» Input data:
........

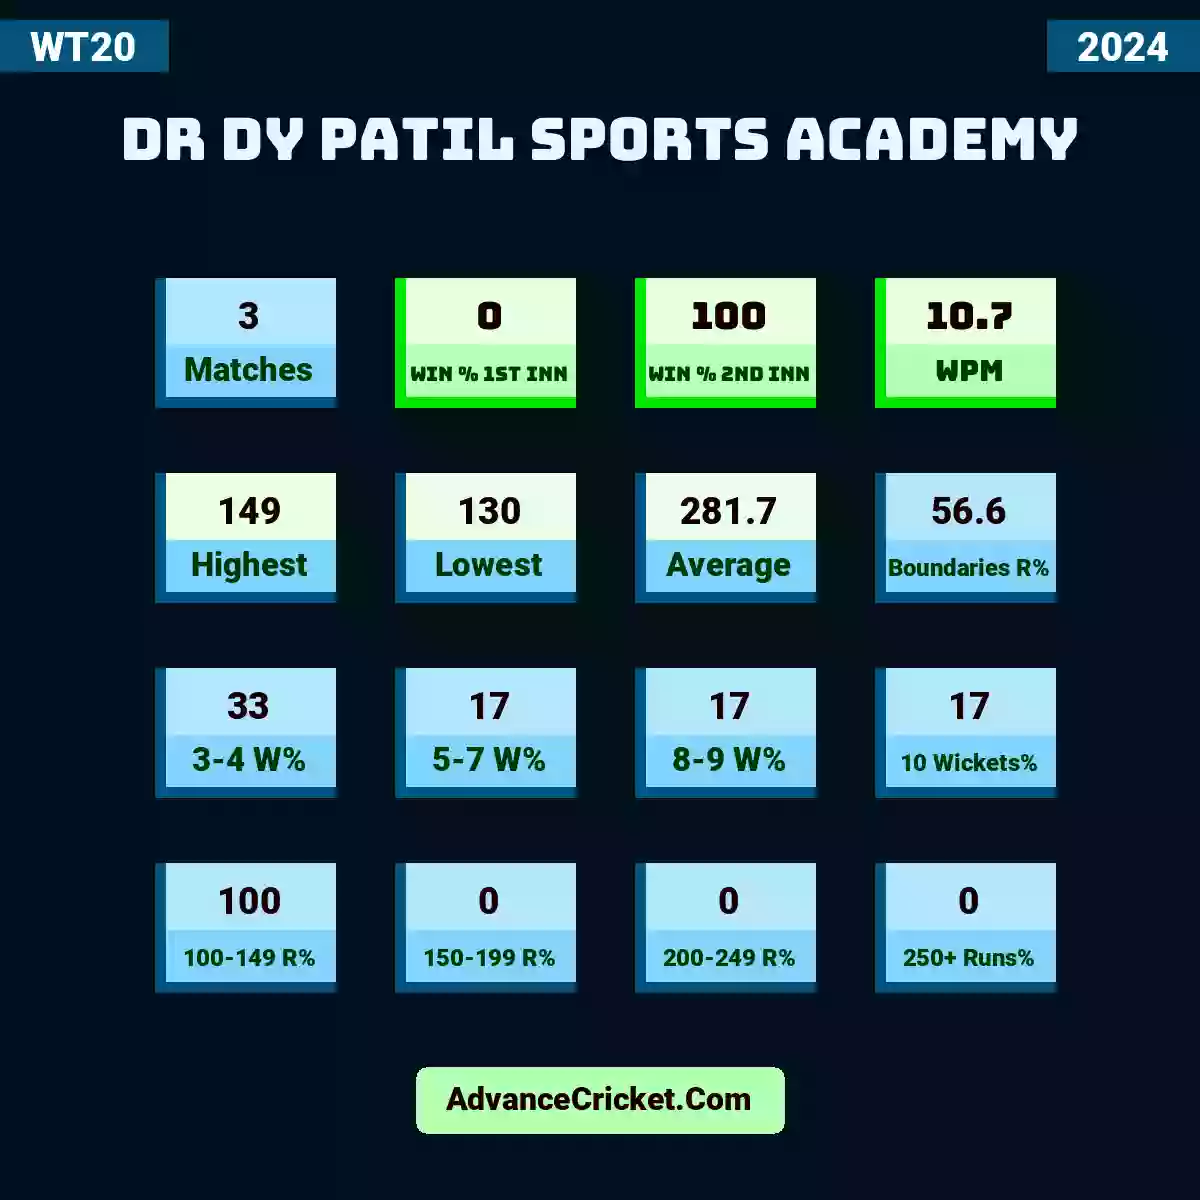 Image showing Dr DY Patil Sports Academy with Matches: 3, Win % 1st Inn: 0, Win % 2nd Inn: 100, WPM: 10.7, Highest: 149, Lowest: 130, Average: 281.7, Boundaries R%: 56.6, 3-4 W%: 33, 5-7 W%: 17, 8-9 W%: 17, 10 Wickets%: 17, 100-149 R%: 100, 150-199 R%: 0, 200-249 R%: 0, 250+ Runs%: 0.
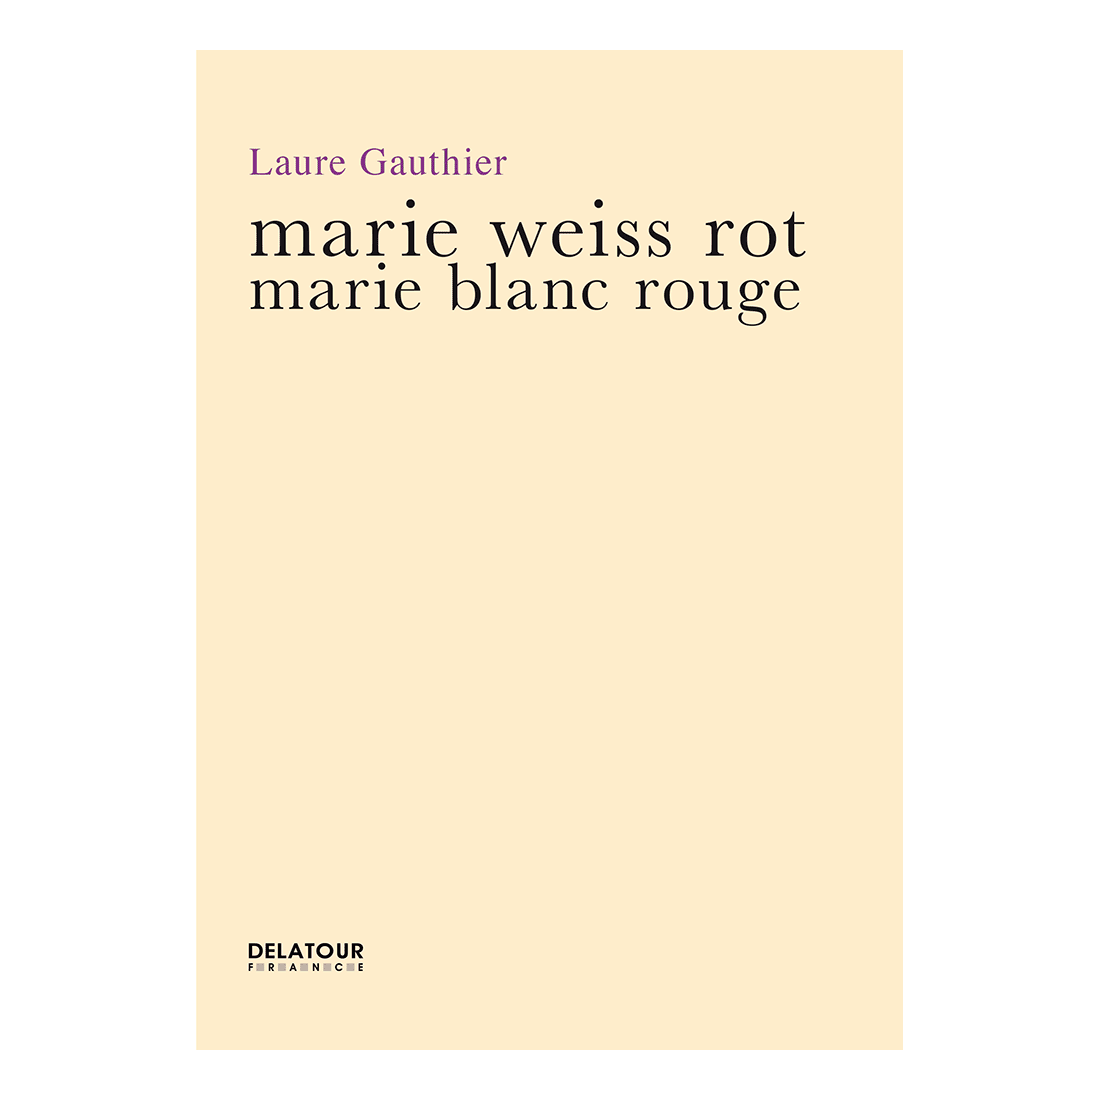 Marie blanc rouge - Marie weiss rot (Edition bilingue)
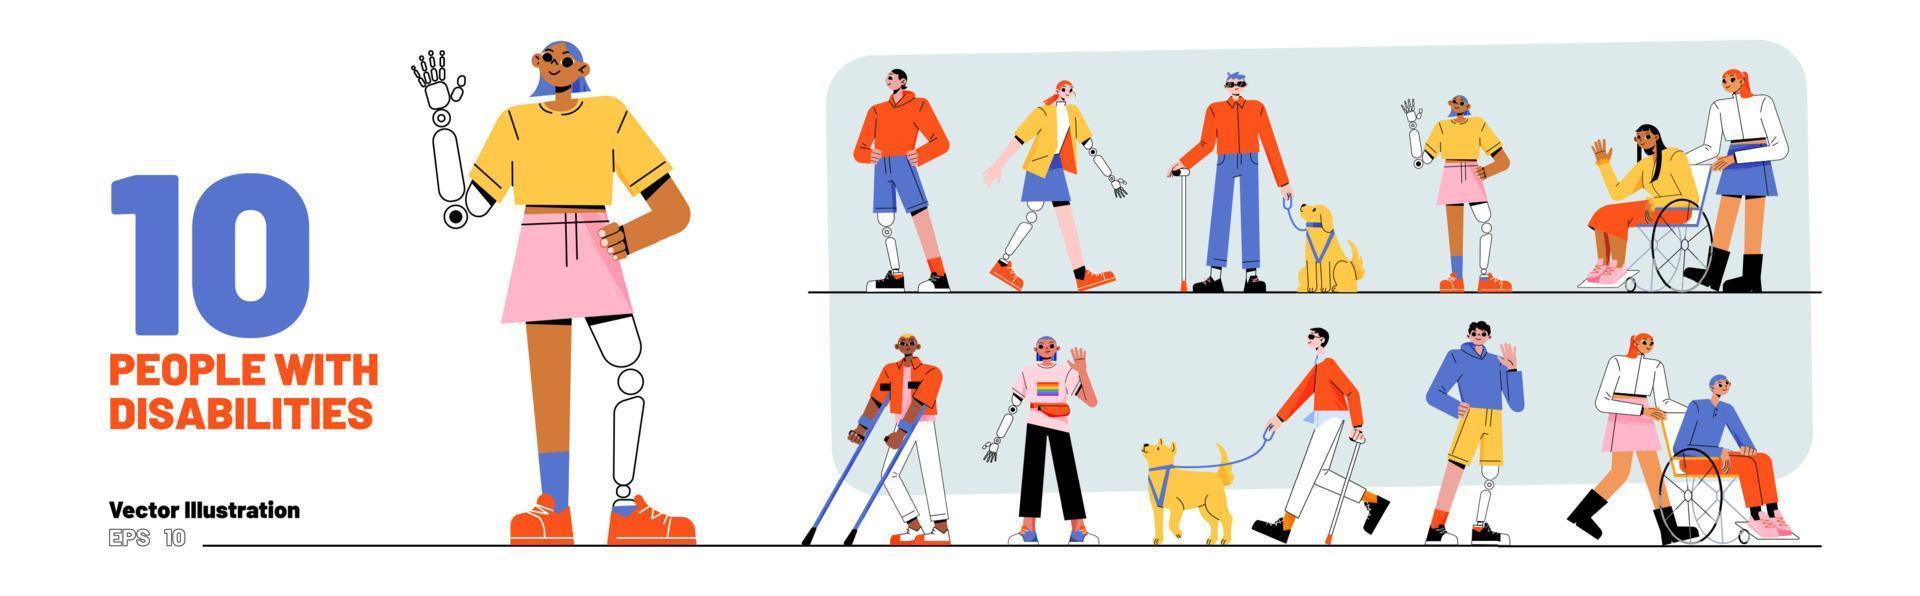 Diverse people with disabilities set vector

........

» Problem description: Once the line containing "Marie blanc rouge" is found, transcribe it and the rest of the lines to the end of the listing above exactly, omitting all pictures.

» Output below:
 Marie blanc rouge - Marie weiss rot (Edition bilingue)
 Diverse people with disabilities set vector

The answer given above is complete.